[Task instructions] Shown below are entries with pictures; the line with "SIGNED ALISON ARNGRIM" through the line with "Show star turned" is the span to retype exactly, and the pictures stay out.

[Data section]

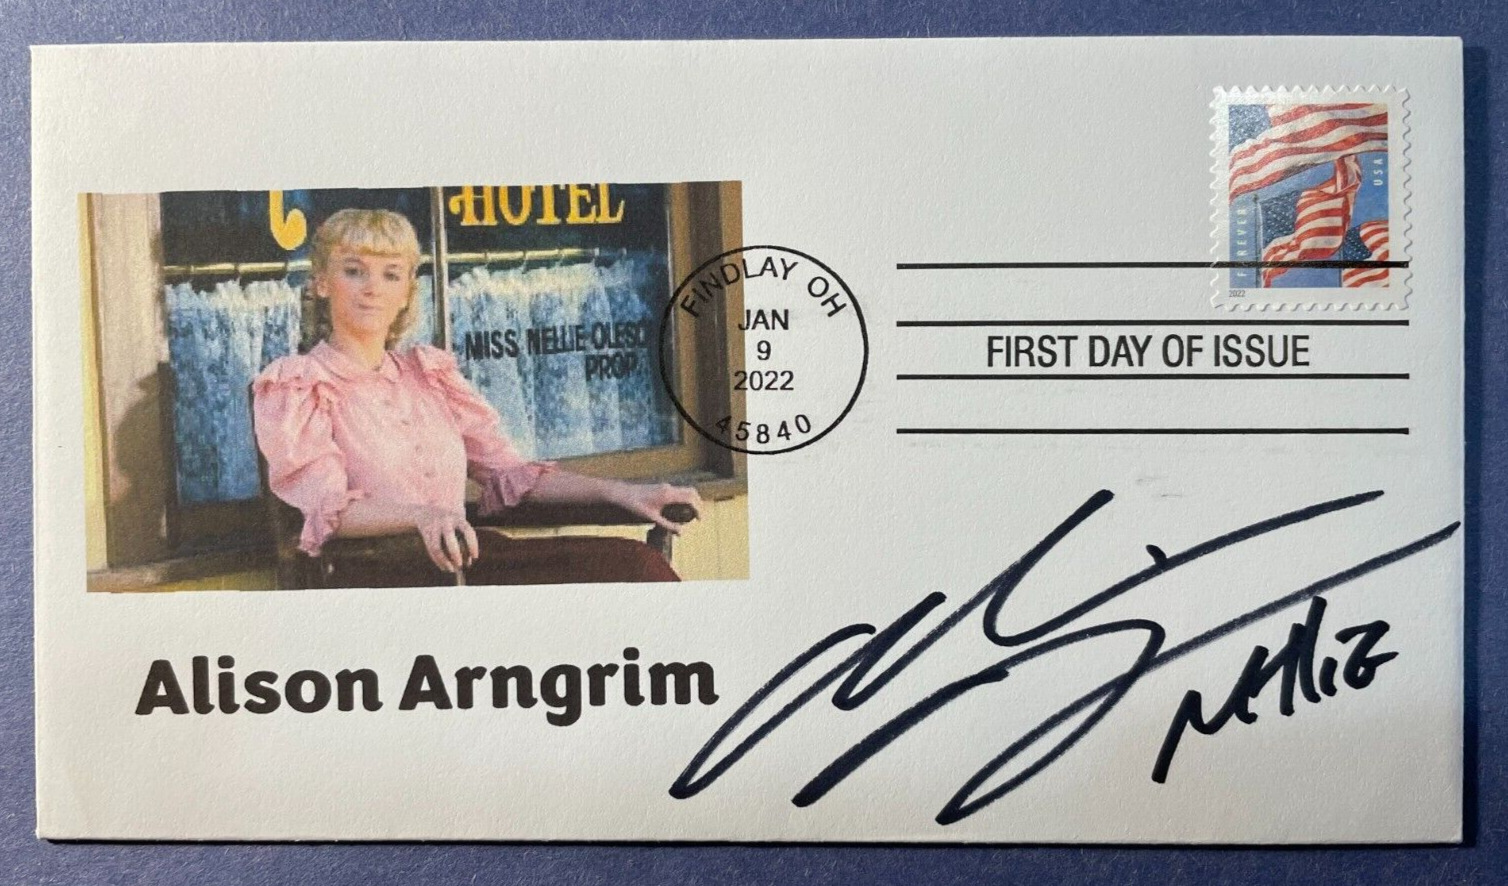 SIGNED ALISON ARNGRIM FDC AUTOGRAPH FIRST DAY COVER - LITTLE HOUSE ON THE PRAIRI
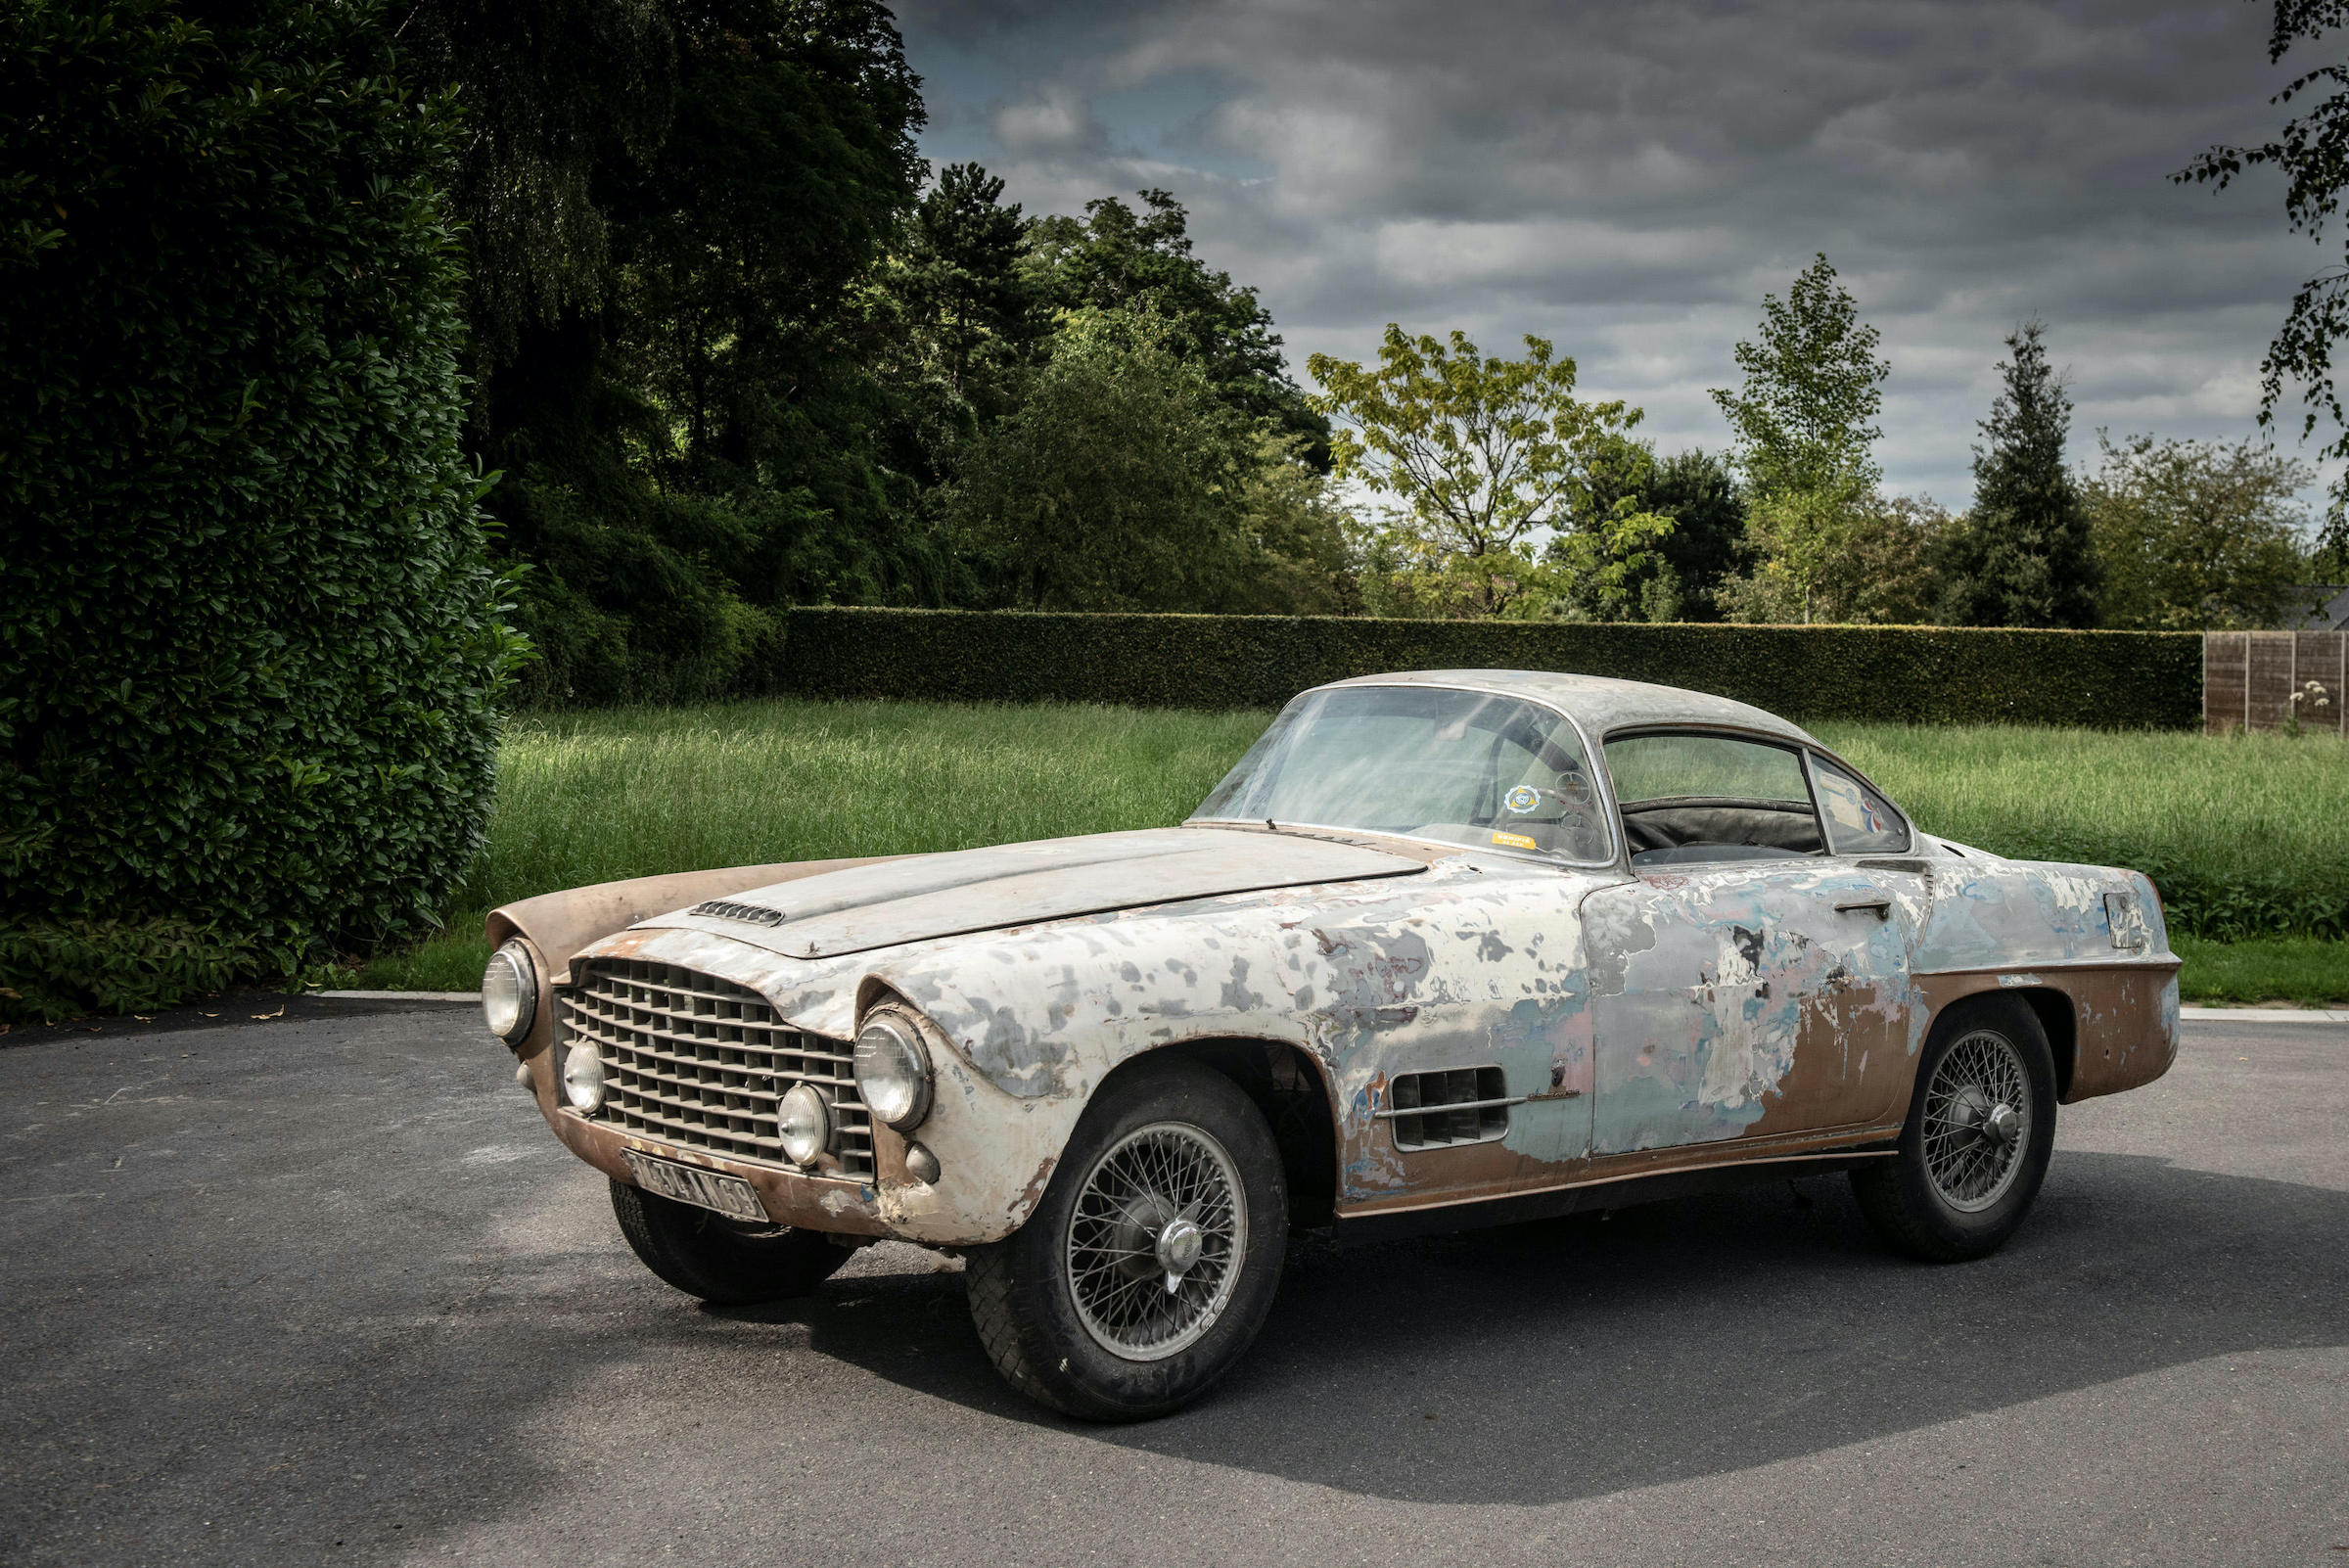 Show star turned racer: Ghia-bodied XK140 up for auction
* * *
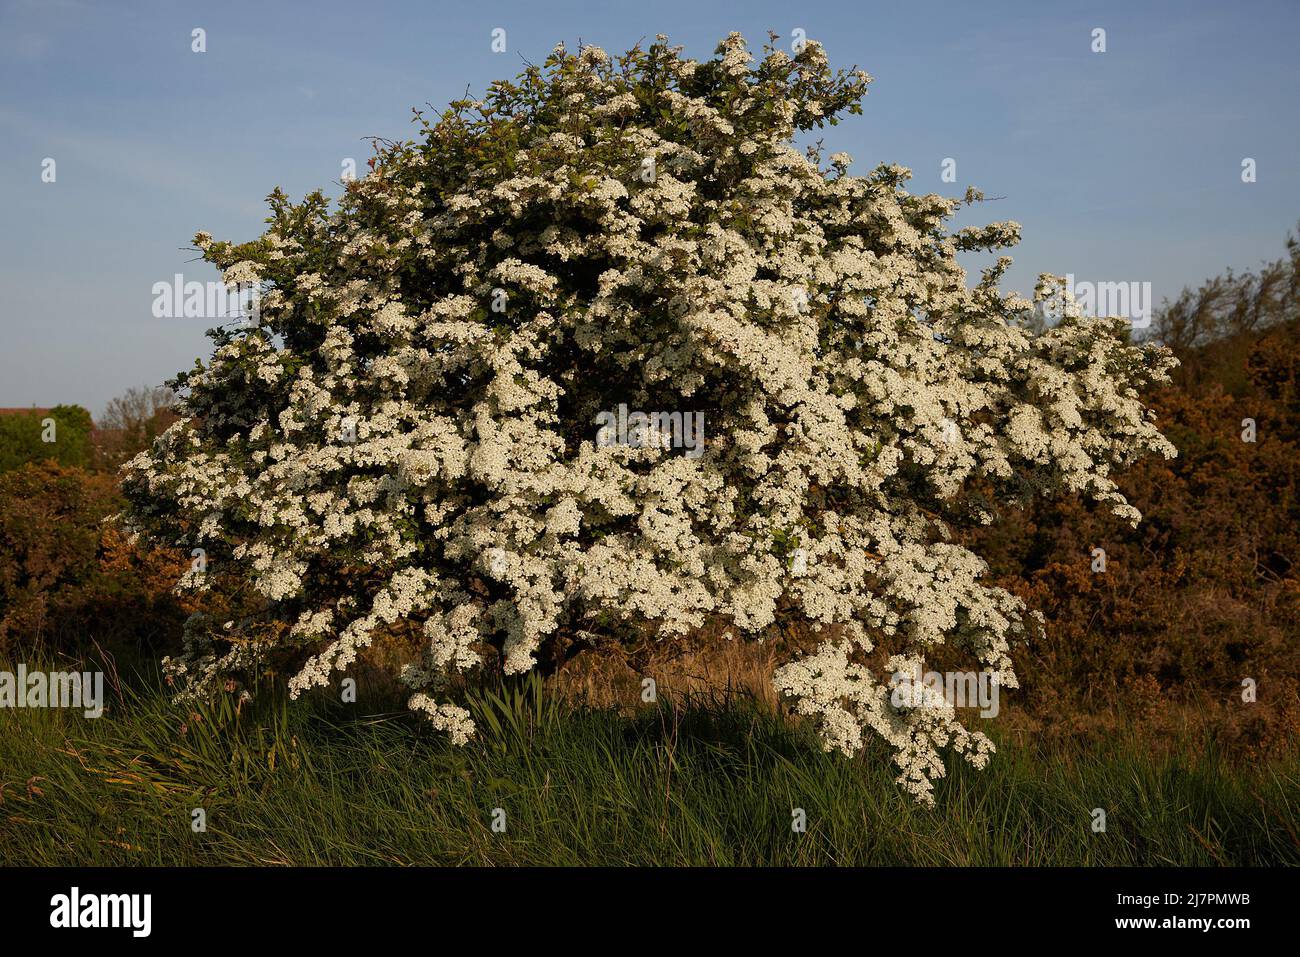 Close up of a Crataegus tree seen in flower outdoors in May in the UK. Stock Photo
==
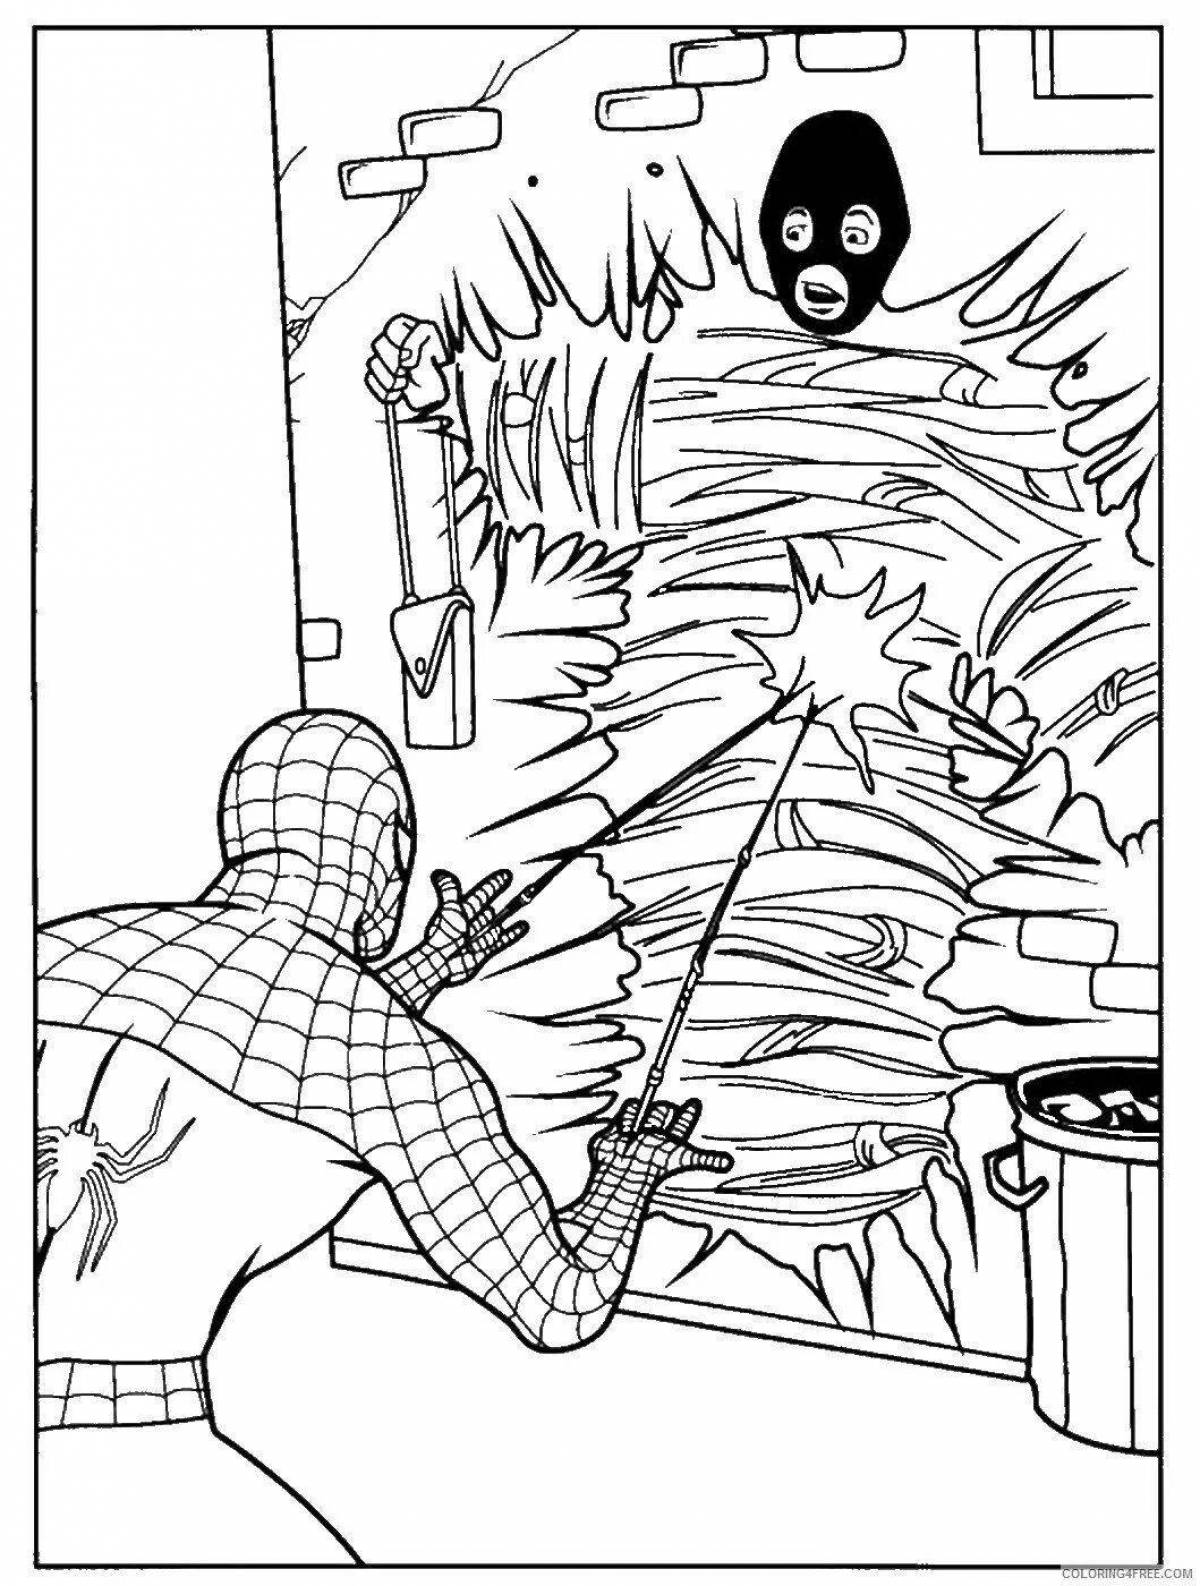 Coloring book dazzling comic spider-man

[Problem solution]
 SIGNED ALISON ARNGRIM FDC AUTOGRAPH FIRST DAY COVER - LITTLE HOUSE ON THE PRAIRI
 Show star turned racer: Ghia-bodied XK140 up for auction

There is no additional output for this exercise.